EXERCISE INSTRUCTIONS:
Reproduce exactly, leaving out pictures, each line from the one holding "Alright alright! be" through the final line of the listing, and add nothing.

DATA SECTION:
━━━━━━━━━━

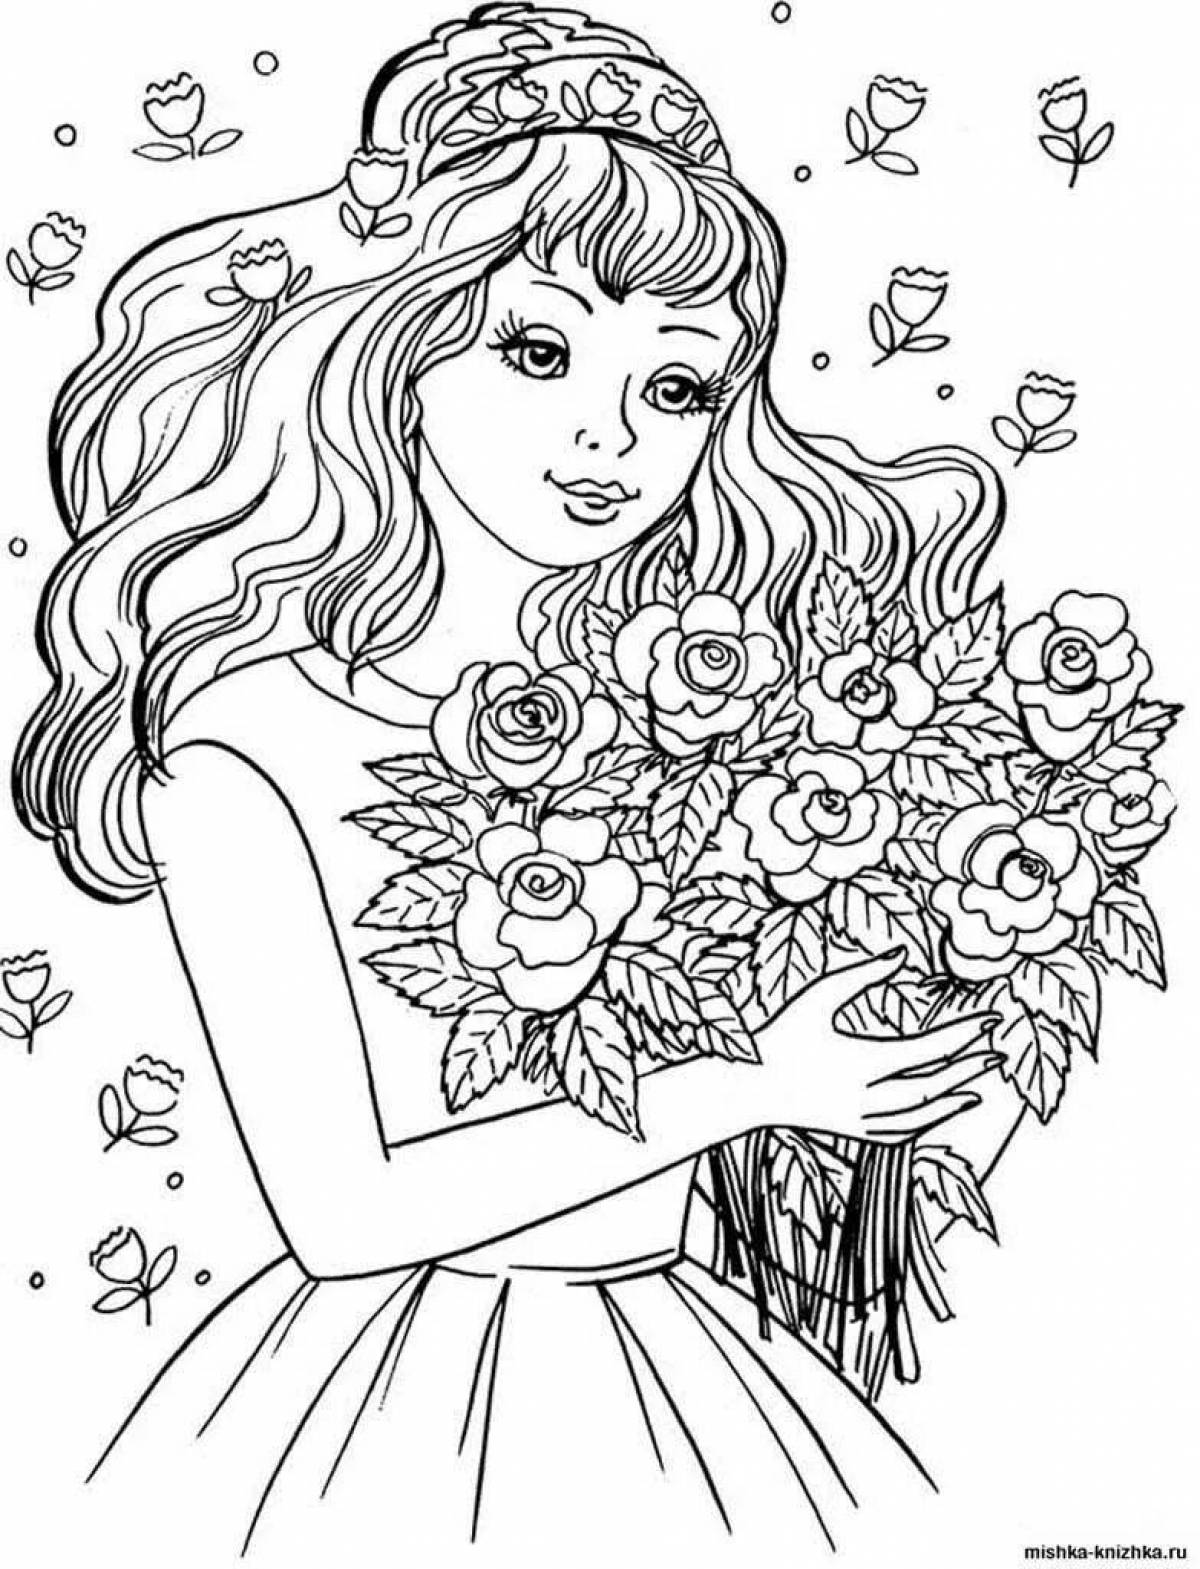 Fun coloring book for 9 year old girls
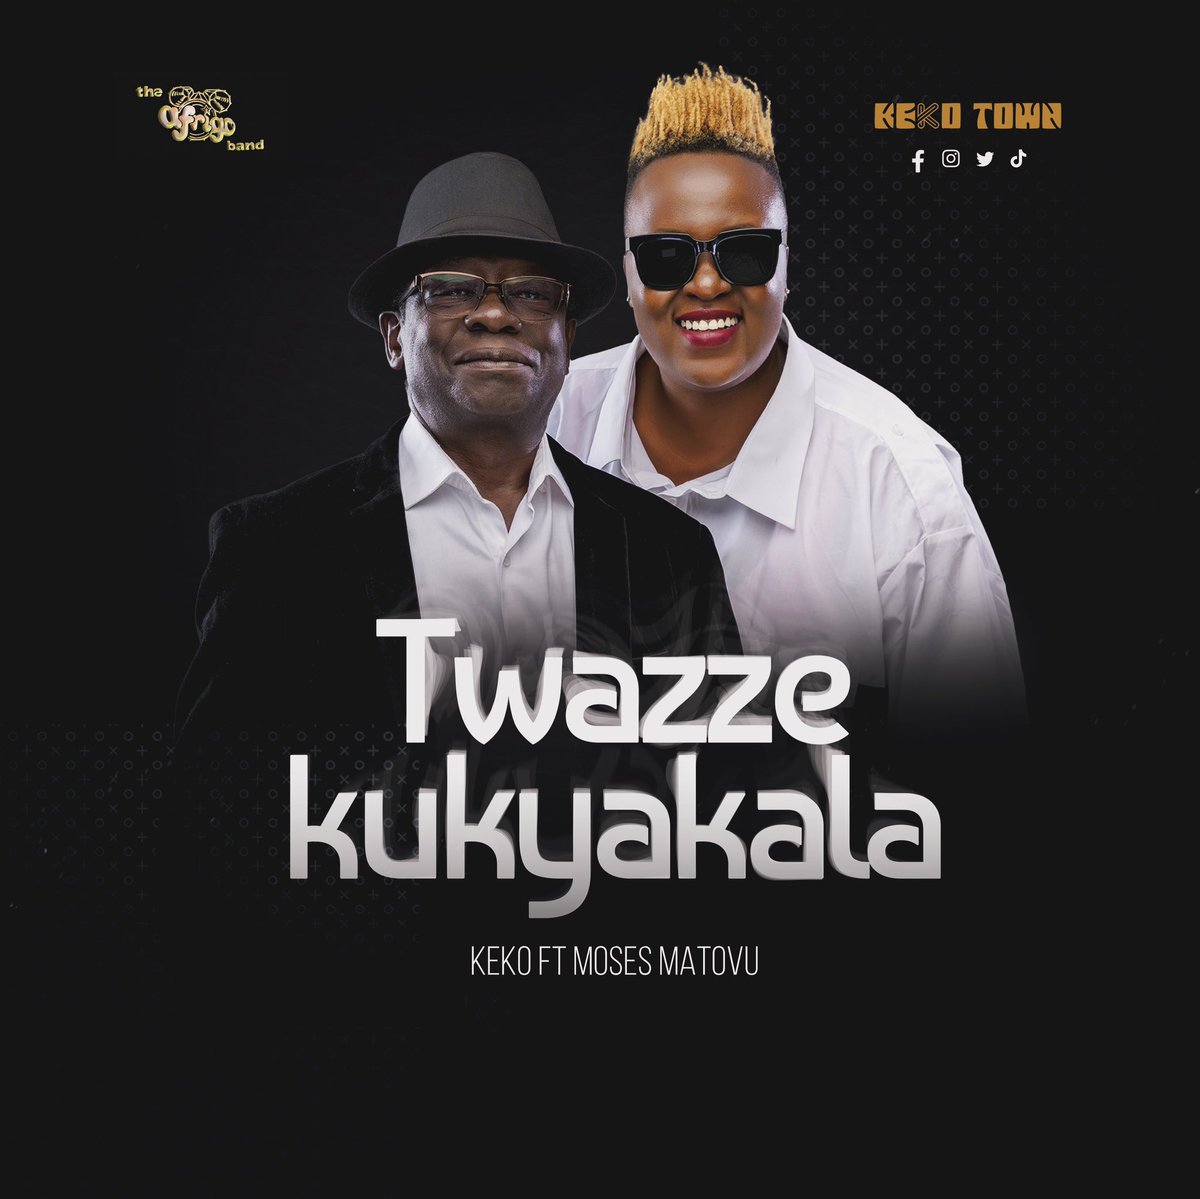 Alright alright! be the 1st to hear it! Twazze kukyakala ft Moses Matovu premieres this Friday 19th at 14:00hrs on YouTube. Like share and subscribe. Merci 👇🏾 youtu.be/j4t5ADUtvIU?si…
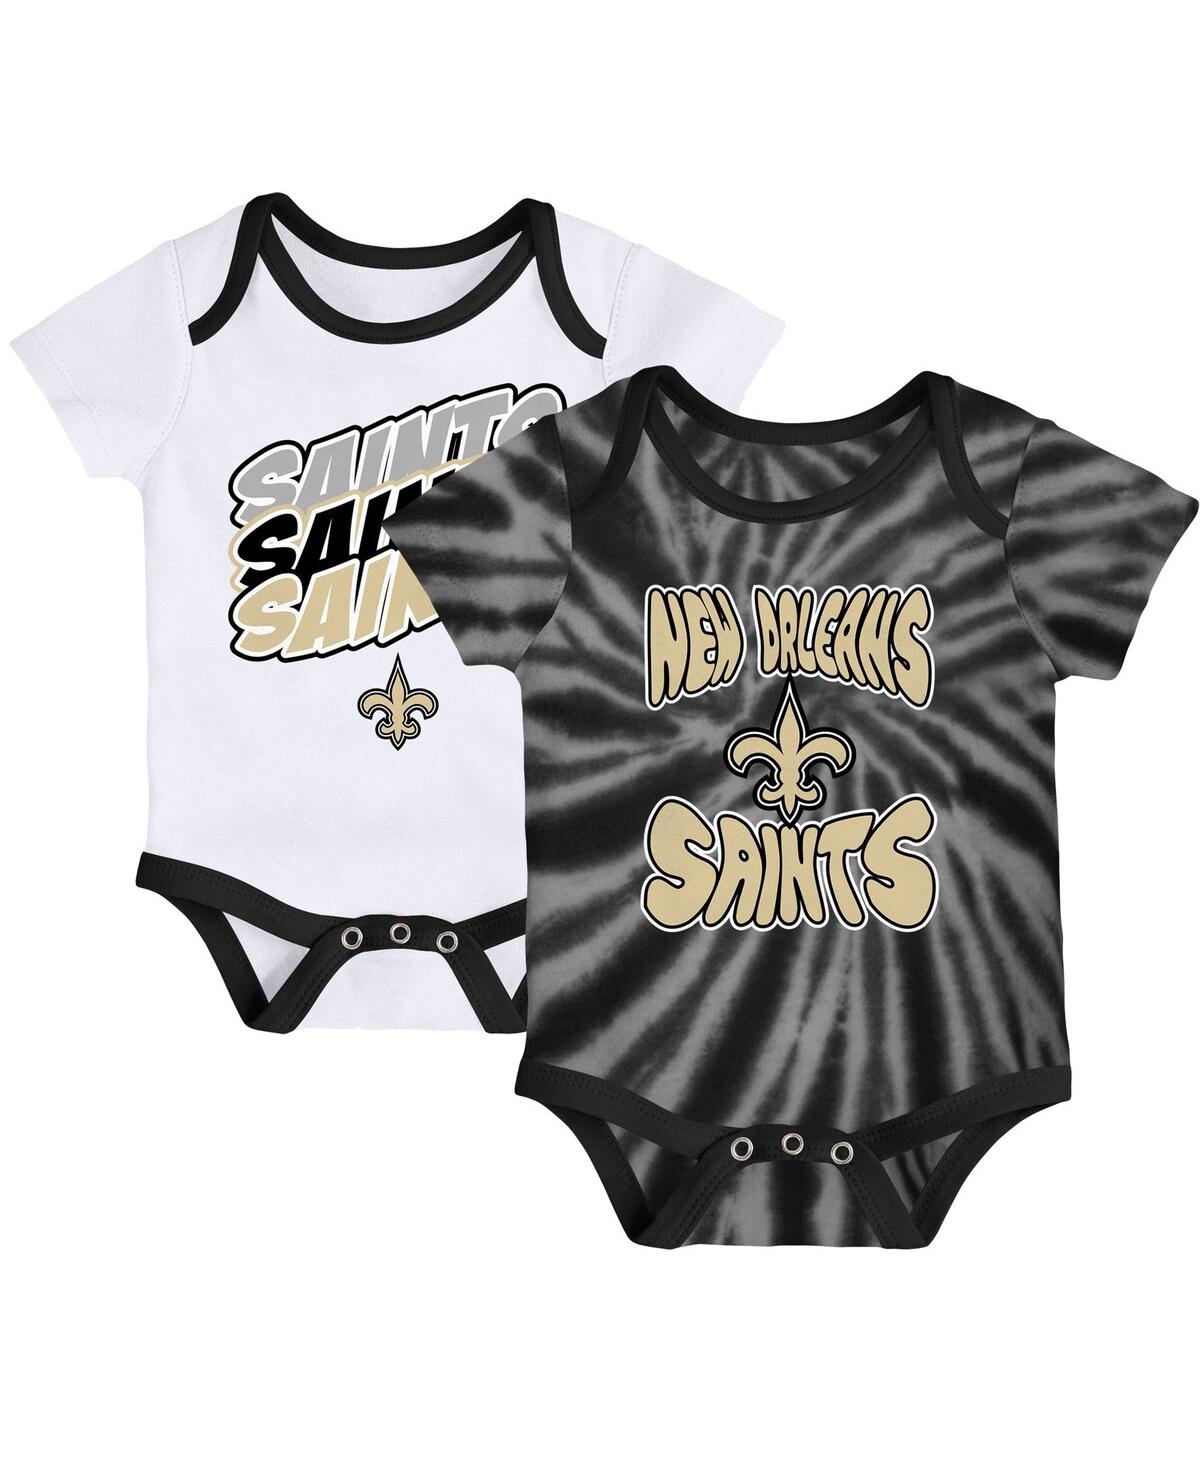 Outerstuff Babies' Newborn And Infant Boys And Girls Black, White New Orleans Saints Monterey Tie-dye 2-pack Bodysuit S In Black,white

━━━━━━━━━━

ANSWER BOX:
 Alright alright! be the 1st to hear it! Twazze kukyakala ft Moses Matovu premieres this Friday 19th at 14:00hrs on YouTube. Like share and subscribe. Merci 👇🏾 youtu.be/j4t5ADUtvIU?si…
 Outerstuff Babies' Newborn And Infant Boys And Girls Black, White New Orleans Saints Monterey Tie-dye 2-pack Bodysuit S In Black,white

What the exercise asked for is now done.